Recognition memory task

Since hippocampal atrophy is strongly related to cognitive function in the elderly population (Devanand et al., 2007;Li et al., 2006), a well documented recognition memory task that activates the hippocampus was used (Stark and Squire 2000b), with minor modifications.

Subjects were presented with 50 line drawings with common nameable objects (Snodgrass and Vanderwart 1980) on a laptop computer before entering the scanner and were asked to name them. Each picture was presented to the subject for 2.5 seconds with an inter-trial interval of 0.5 seconds. They were instructed to learn the pictures, to be able to recognize them in a memory task while in the scanner. After entering the scanner, each subject viewed 100 pictures (the 50 that they had learned and 50 new pictures) while BOLD fMRI images were acquired. Subjects rested supine in the scanner and viewed the images via a set of fiber optic goggles (SV2000; Avotec, Inc.) positioned in the head coil above their eyes.

Subjects were asked to press a button with the right hand if they recognized the picture (old) and with the left hand if they did not recognize the picture (new). Two sets of 50 pictures were counterbalanced as old and new between subjects. The two sets of pictures were ordered in a random fashion, and were presented in five blocks of 20 images. Each image was presented for two seconds with an inter-trial interval of 1 second. Subjects were instructed to rest for thirty seconds between each block (while looking at a slide indicating “rest”).

Image acquisition and analysis

MRI scanning was performed on a Siemens 1.5T Symphony with enhanced (Quantum) gradients using the standard quadrature head coil. Following a localizer, anatomical images (T1W) were acquired with a spin-echo sequence (TR/TE/FA 524/14/90, 20 axial 5 mm slices with 1.5mm gap, FOV 220 mm, matrix 256x256). BOLD images were acquired at the same slices with single-shot EPI (TR/TE/FA 3000/60/90, matrix 64x64 with fat saturation); 220 BOLD images were acquired, but the first 10 were discarded to ensure magnetization steady-state and the last 10 were also discarded. Each block consisted of 10 images of 3 sec duration.

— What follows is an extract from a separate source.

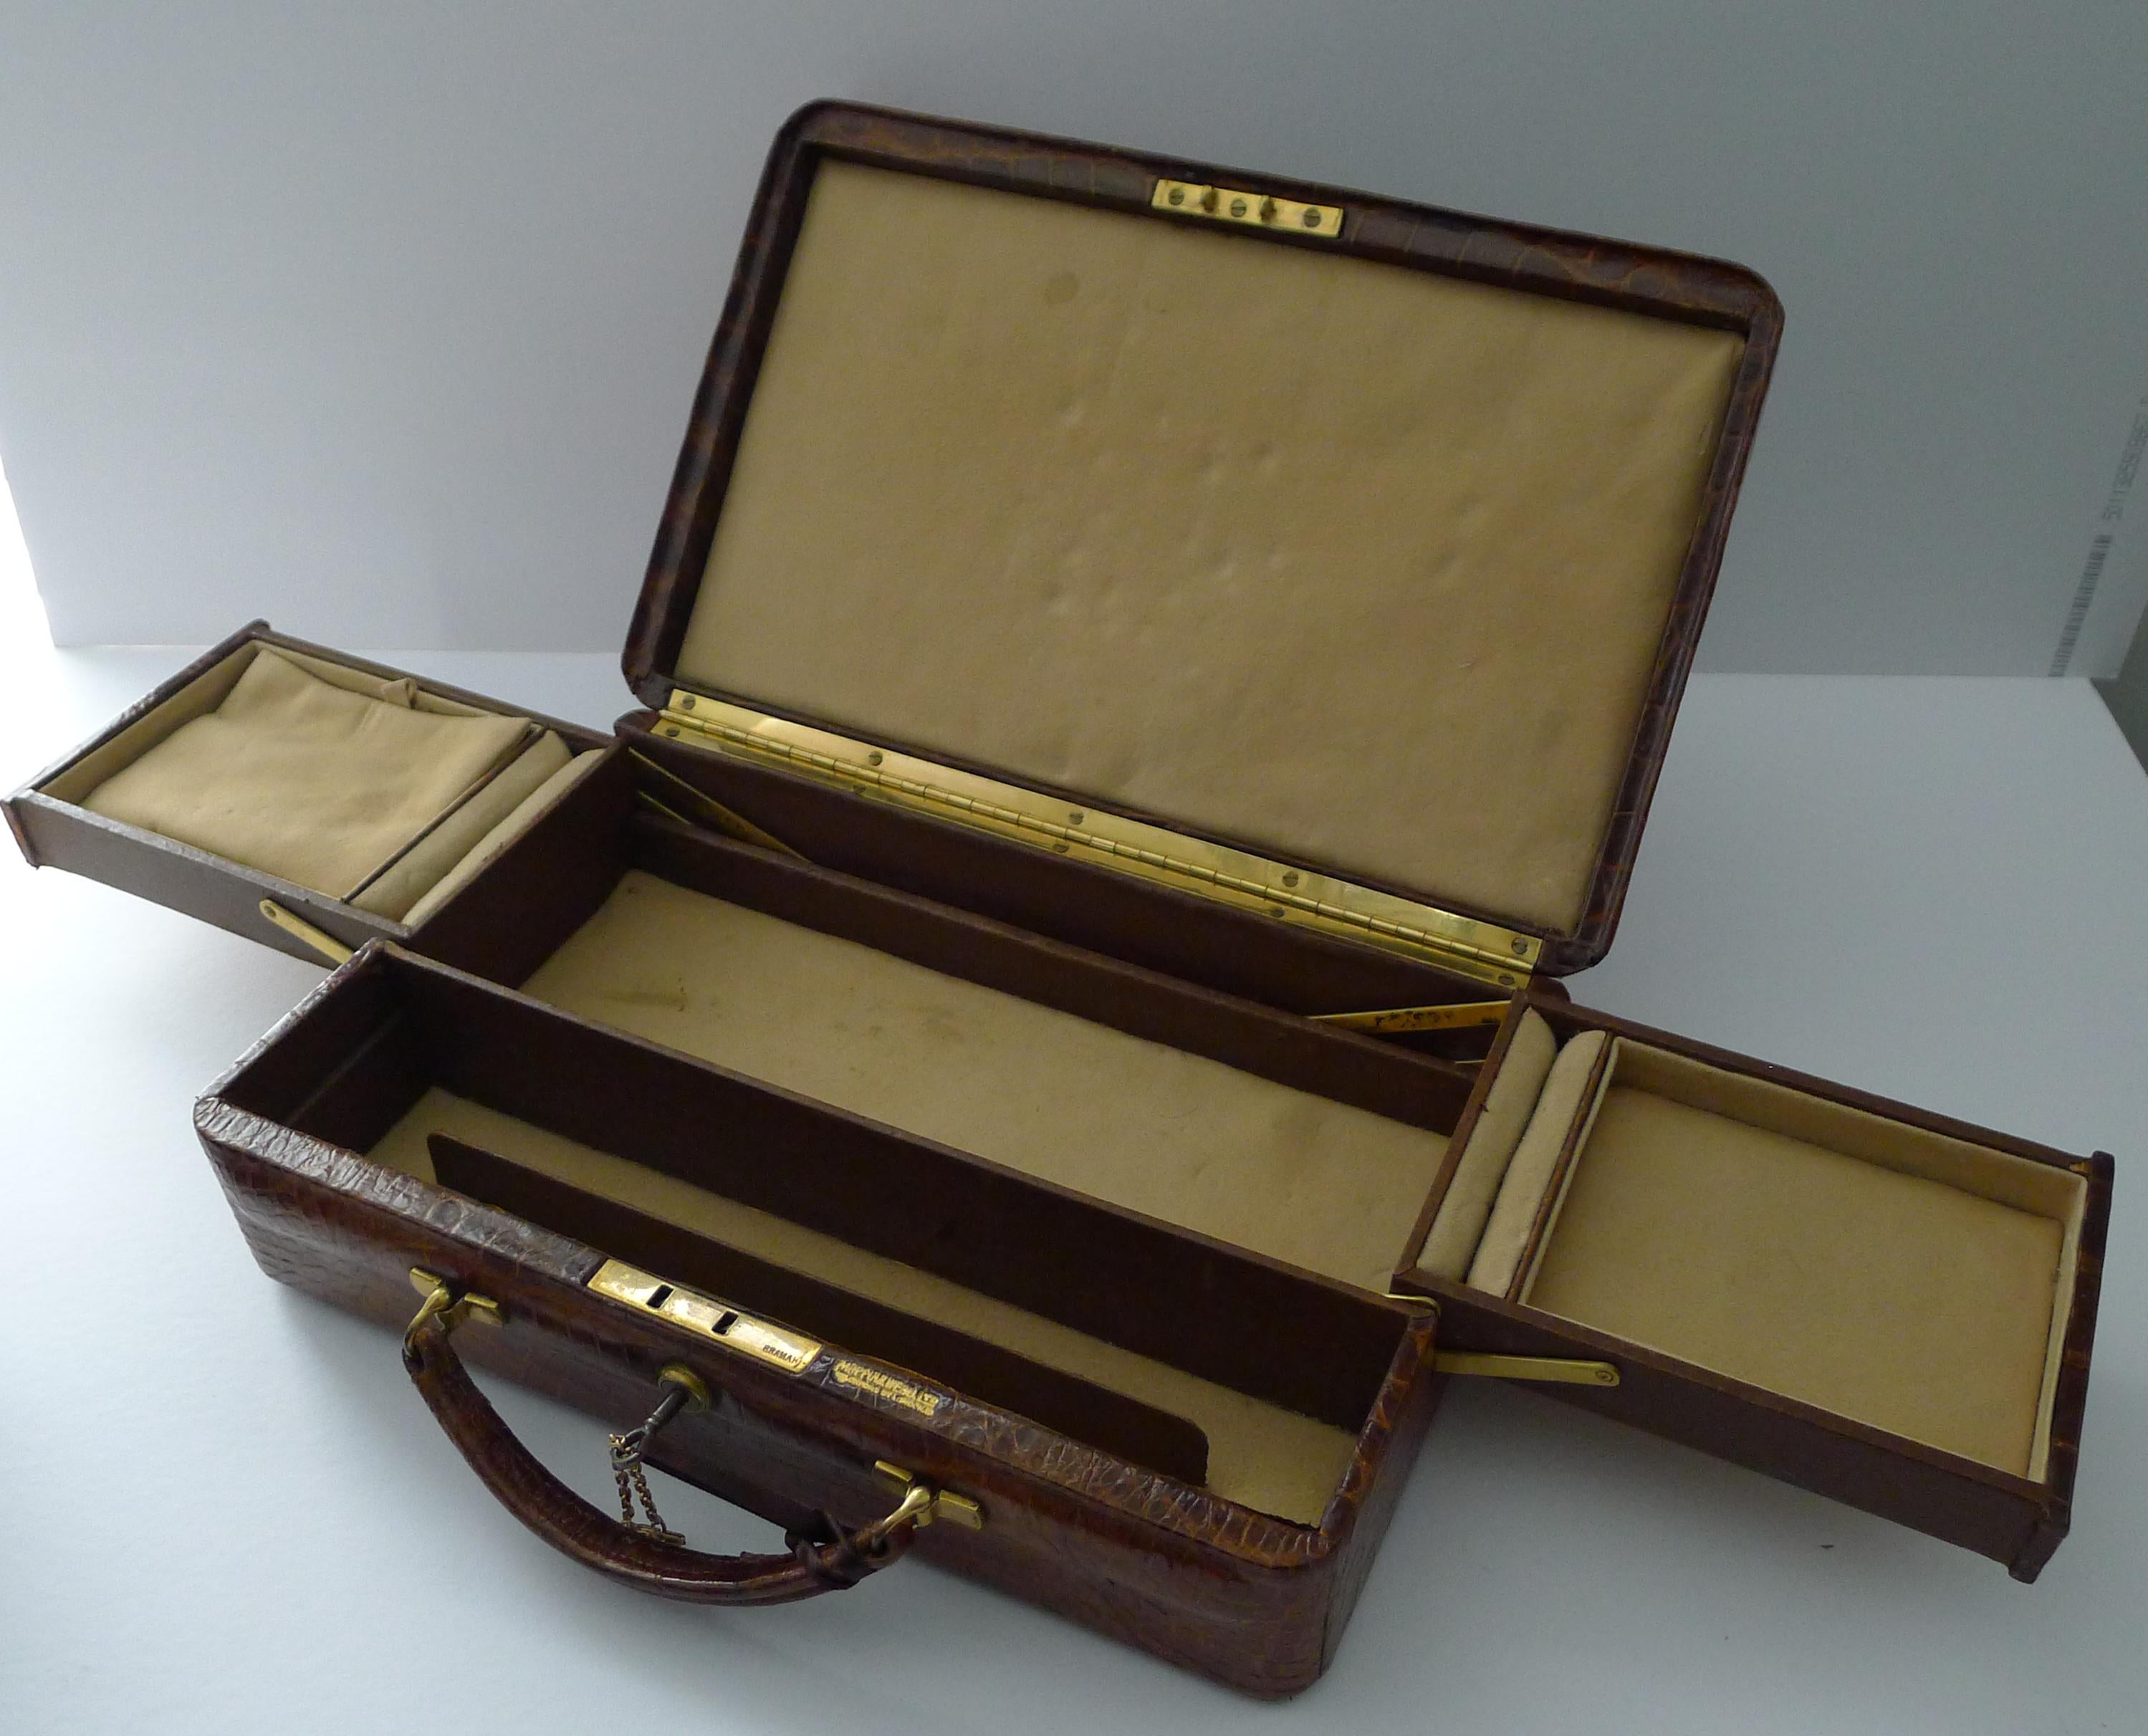 Superb Antique English Crocodile Jewelry Box by Mappin & Webb For Sale 2
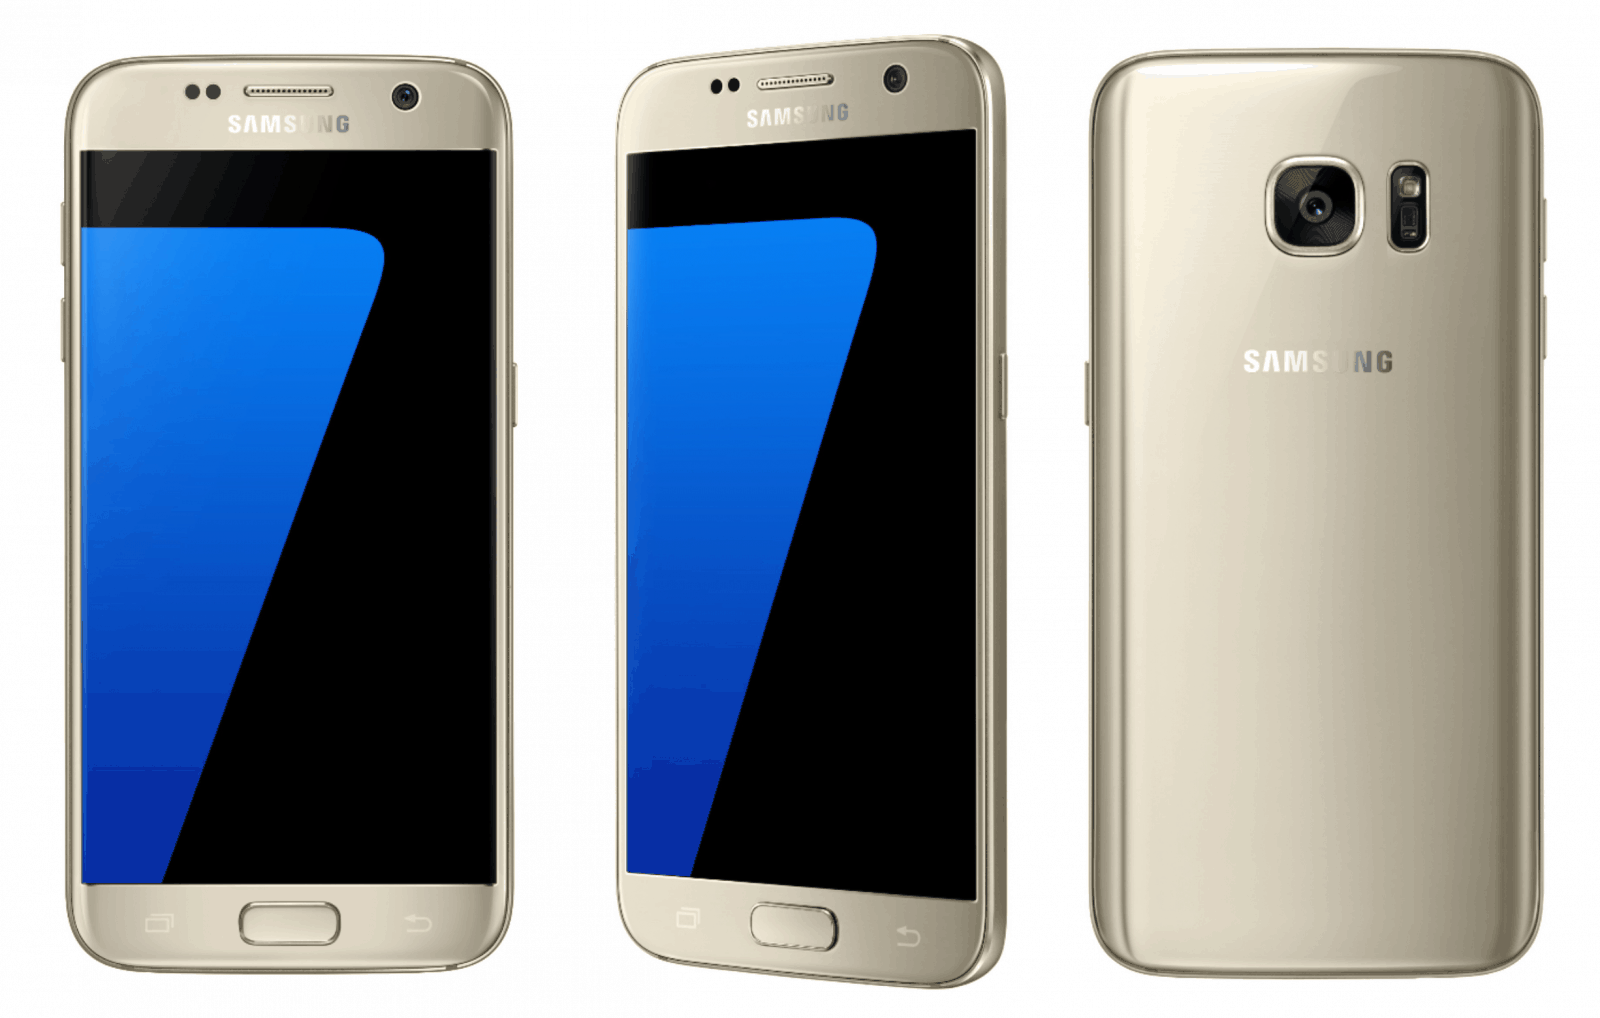 Cult of Android - Samsung's new Galaxy S7, S7 edge bring better designs

All BOLD data were visually examined for any slice dropout or other severe signal abnormalities (timediff, http://www.mrc-cbu.cam.ac.uk/Imaging/Common/diagnostics.shtml) and if necessary, the slice was replaced with a mean image created from adjacent images of the same activation. Image analysis was carried out using SPM5 (Wellcome Department of Cognitive Neurology, London, UK, http://www.fil.ion.ucl.ac.uk/spm/). Motion correction was applied by realigning all images to the first image using 6 parameter rigid body transformation and re-slicing with 4th degree B-spline interpolation. The mean BOLD image was then spatially normalized with SPM5’s EPI template using both affine and non-linear normalization followed by 8 mm Gaussian kernel smoothing. Non-linear frequency cutoff, iterations, and regularization were set to 25mm, 16, and 1, respectively; high-pass filtering was done with 128 sec cutoff. The first-level fixed-effects analysis included motion realignment parameters as regressors.

The volumetric fraction of cerebral spinal fluid (CSF) for each brain was also computed and defined by CSF/(GM+WM), where CSF, GM (grey matter) and WM (white matter) represent the total intracranial volume of each compartment. Segmenting the anatomical T1W image into each compartment was based on the SPM5 segmentation routine, using MNI tissue probability maps with warping regularization and frequency cutoff at 1 and 25mm, respectively. Bias regularization was set to 0.0001.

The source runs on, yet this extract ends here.